Due to the infectious nature of the disease, experts from the Centers for Disease Control and Prevention are taking all available steps to ensure the first confirmed Ebola diagnosis in the United States does not spread past the quarantine zone. “Little Moe,” the Ebola-killing robot that is already being used at Texas Health Presbyterian Hospital in Dallas where the first Ebola case was detected and treated, could prove to be an effective tool in containing the spread of the Ebola virus. Now, is it safe?

Developed by San Antonio-based Xenex, Little Moe may seem like it's straight out of a science fiction movie, but it is already being used at 250 hospitals across the U.S. Dubbed the “germ-zapping robot,” this unique piece of medical equipment emits ultraviolet rays that are approximately 25,000 times brighter than the sun. Blasting 1.5 pulses per second, while covering a radius of up to 10 feet, it can destroy viral DNA from any surface it comes in contact with.

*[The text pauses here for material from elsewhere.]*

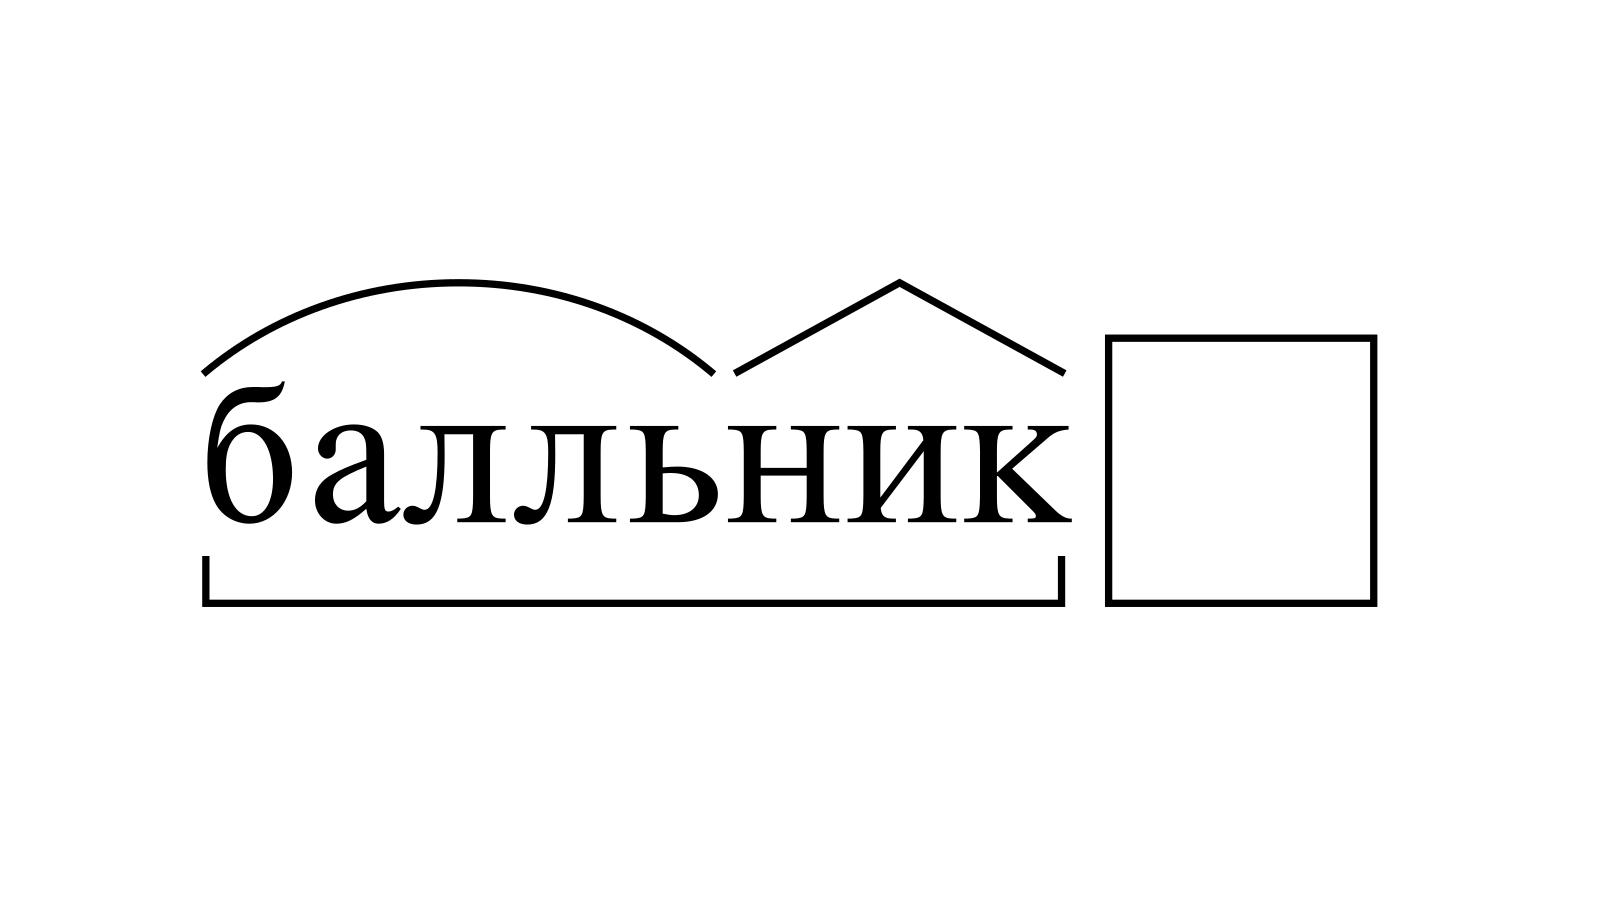 Разбор слова «балльник» по составу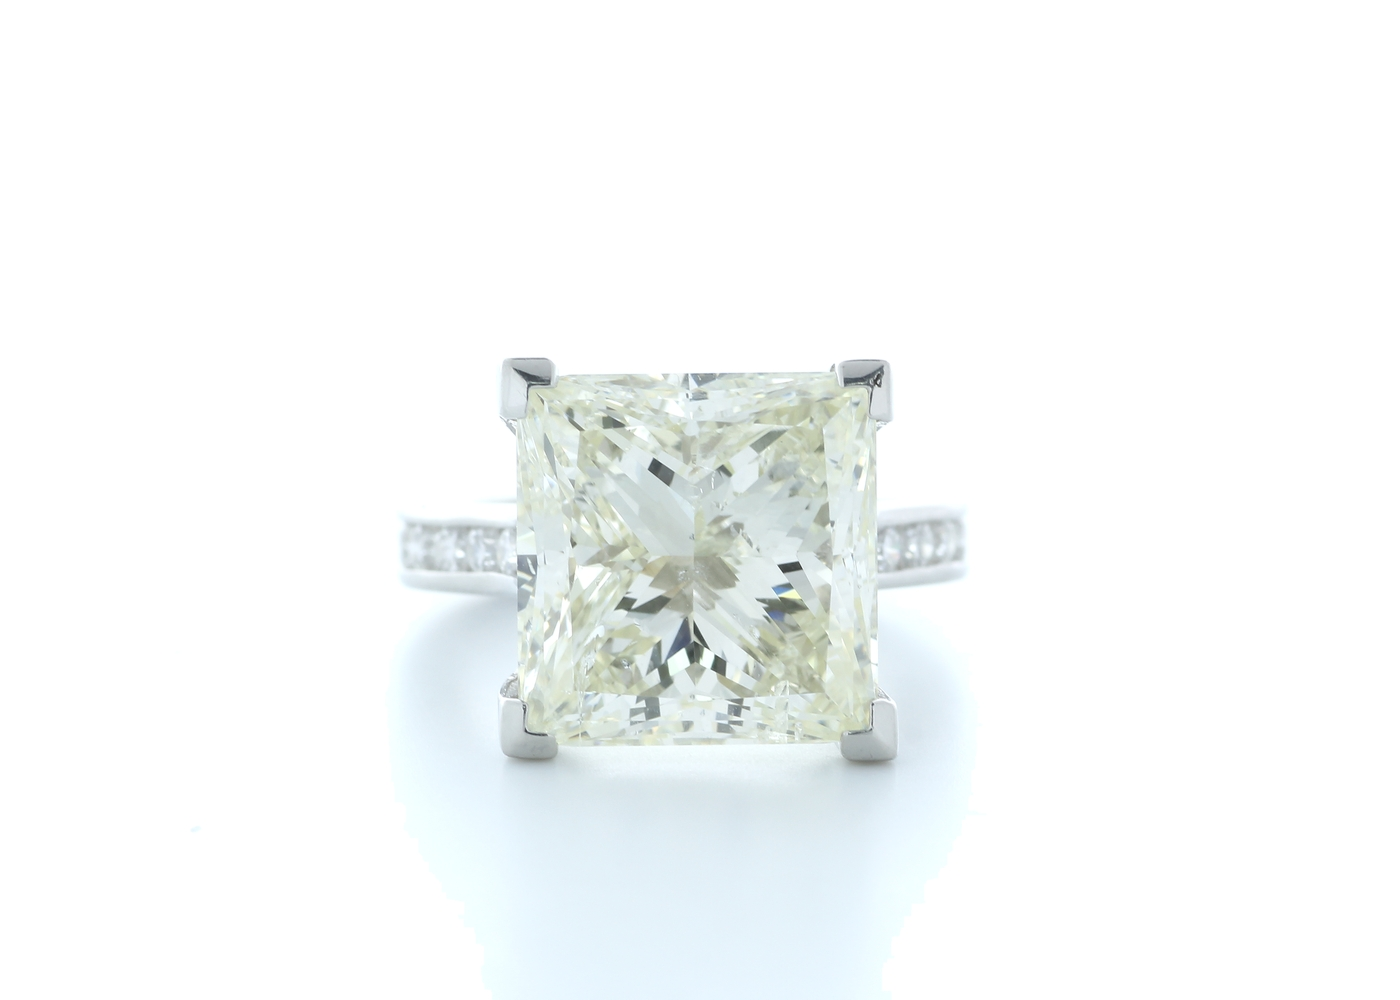 18ct White Gold Princess Cut Diamond Ring 10.00 Carats

“Eliminating pathogens from patient rooms is the quickest and easiest way to lower the risk of additional infections,” Dr. Mark Stibich, co-founder and chief scientific officer of Xenex, said in a statement. “Our customers report in peer-reviewed, published studies that after using our patented germ-zapping robots to disinfect surfaces, they experienced significant reductions in hospital acquired infections. That’s because our devices are faster, more effective, and easier to use than mercury-based UV room disinfection systems.”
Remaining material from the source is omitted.